Anatomical variance of the brain

Cavum vergae is a normal anatomical variant in the human brain, which is seen in imaging as the posterior extension of the cave of septum pellucidum. It is sometimes described as the cavum septi pellucidi et vergae (or cavum septum pellucidum et vergae). It represents the persisntent embryonic fluid-filled space between the leaflets of the septum pellucidum.

Although the septal leaflets are ependyma-lined on their ventricular surfaces, the cavum itself is an extra-pial cavity that does not communicate with the ventricular system or the subarachnoid space.
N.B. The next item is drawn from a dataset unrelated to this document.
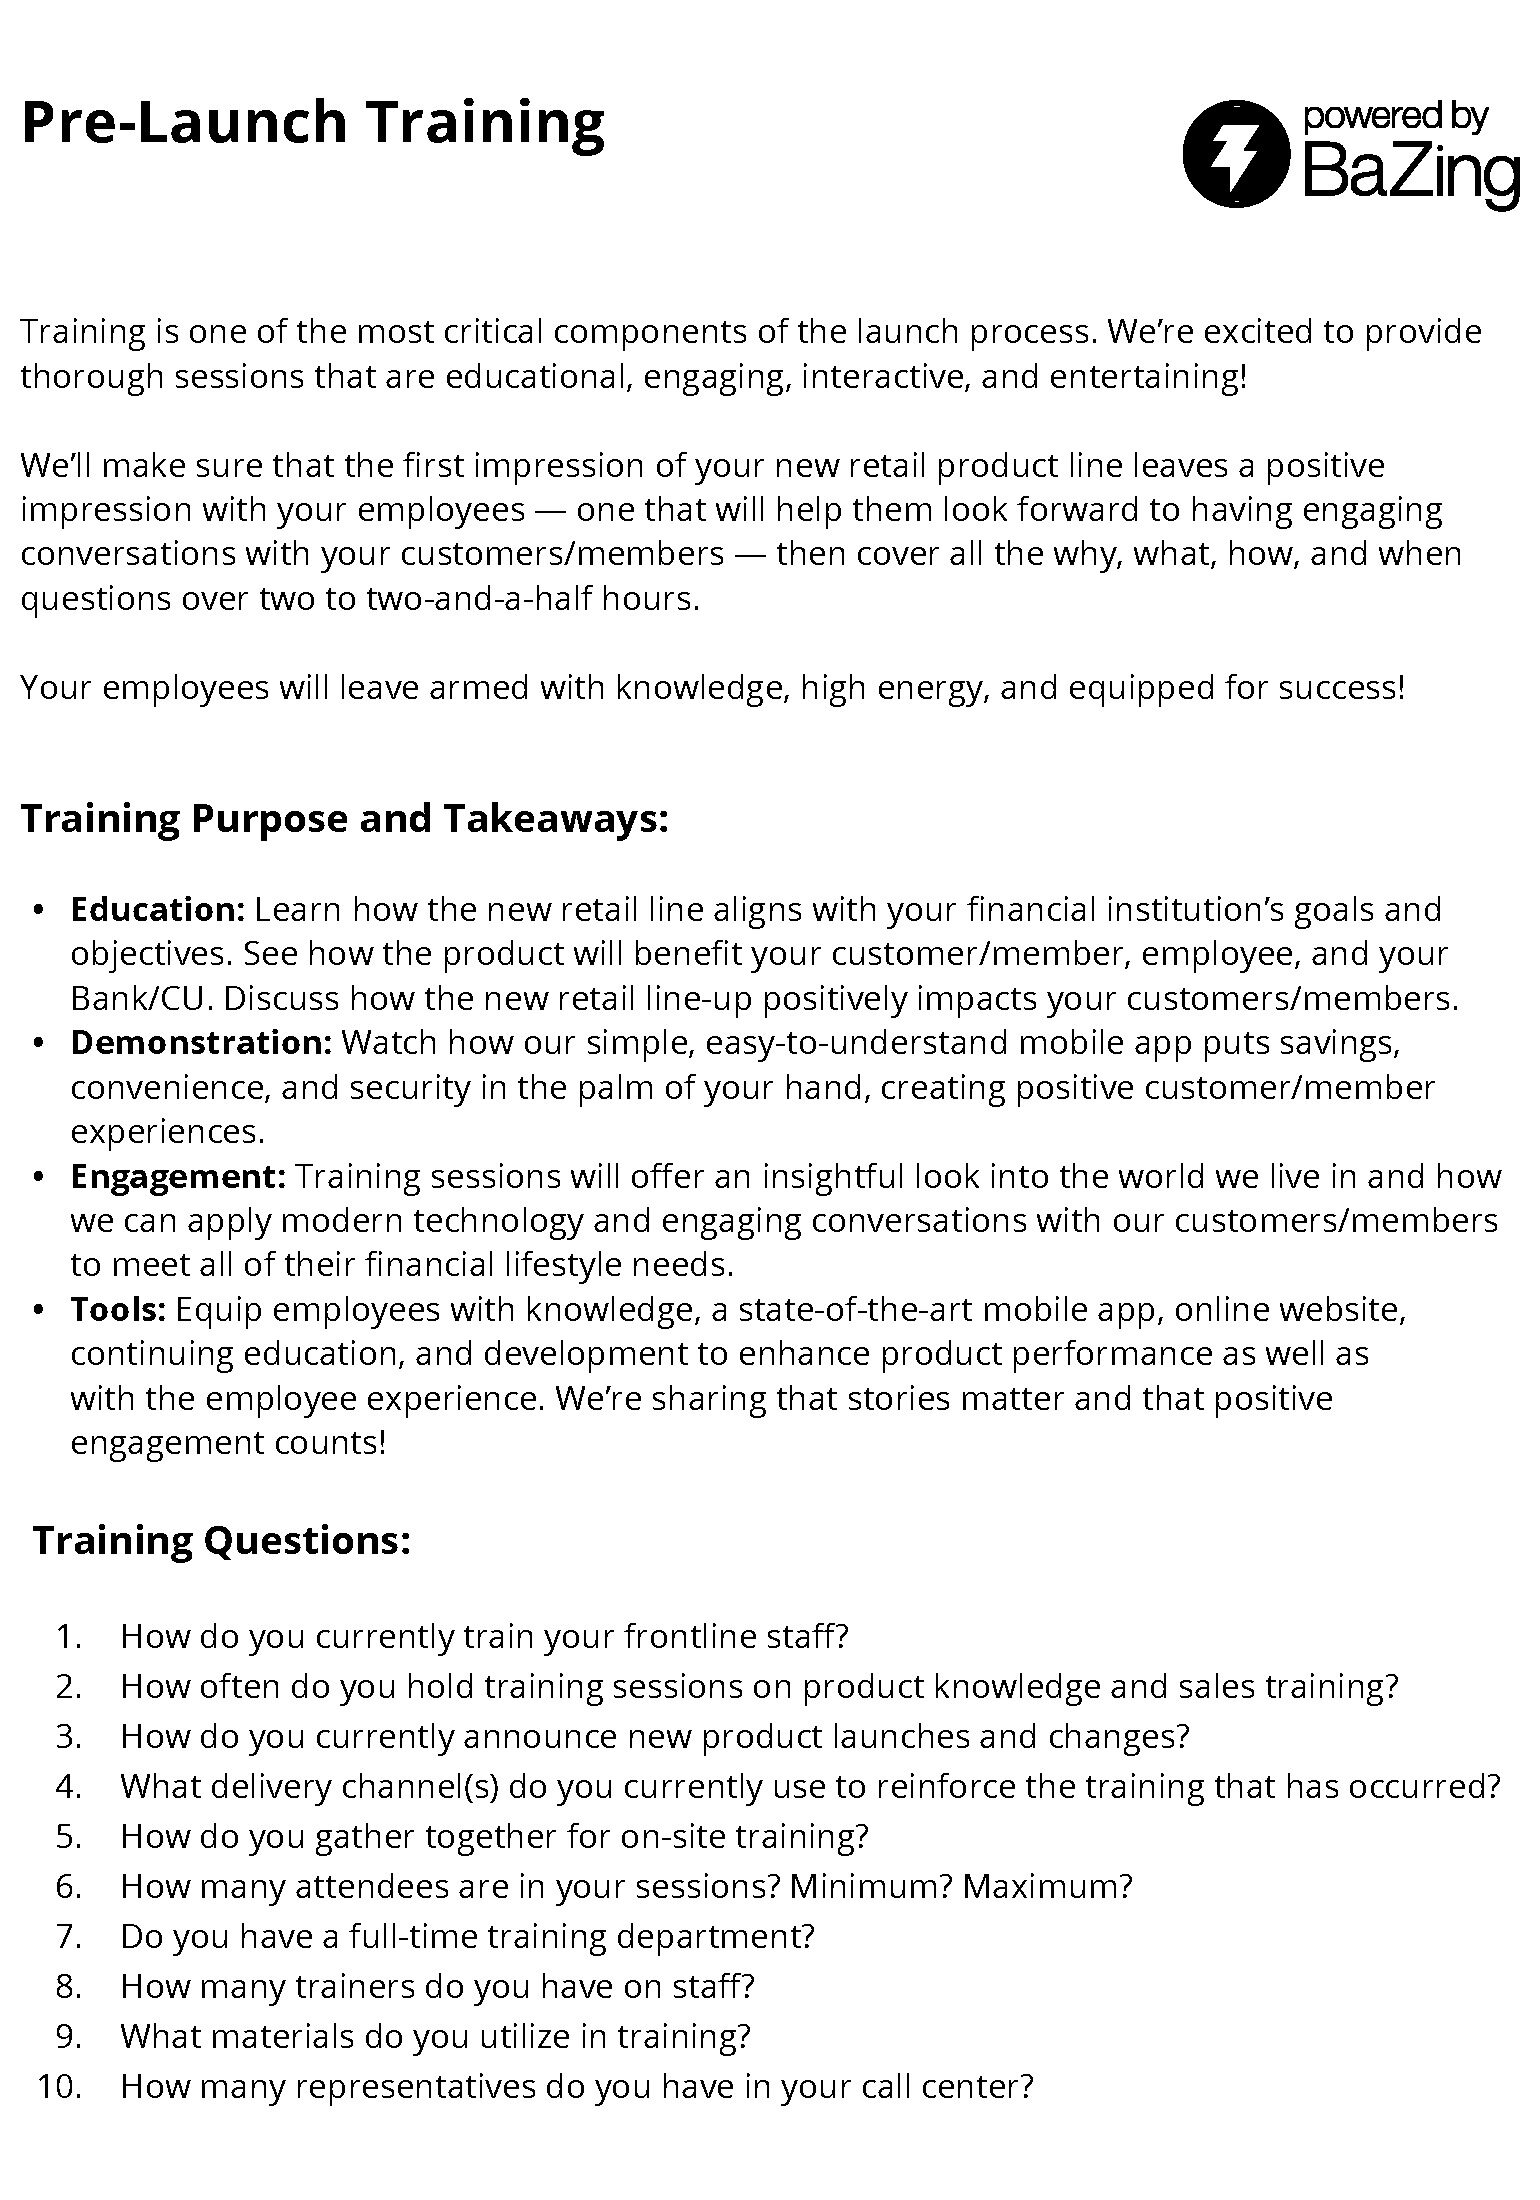 Pre-Launch Training Questions (Print Version)

Historically, cavum vergae has been referred to as the "sixth ventricle", but modern anatomical descriptions avoid ventricular numbering because it lacks key features of a true brain ventricle (for example, a continuous ependymal lining).

==Anatomy==
The cavum vergae is defined anatomically by the columns of the fornix anteriorly, splenium of the corpus callosum posteriorly, body of the corpus callosum superiorly and the transverse part of the fornix inferiorly.
==Development==
During fetal development, the two leaflets of the septum pellucidum are separated by CSF, forming a cavum that includes both an anterior portion (cavum septi pellucidi) and a posterior portion (cavum vergae). Leaflet fusion typically begins at around the sixth month of gestation and proceeds from posterior to anterior, so that the cavum vergae closes before the cavum septi pellucidi. In term neonates the cavum vergae is normally closed, and the cavum septi pellucidi typically closes during early infancy (commonly by 3–6 months).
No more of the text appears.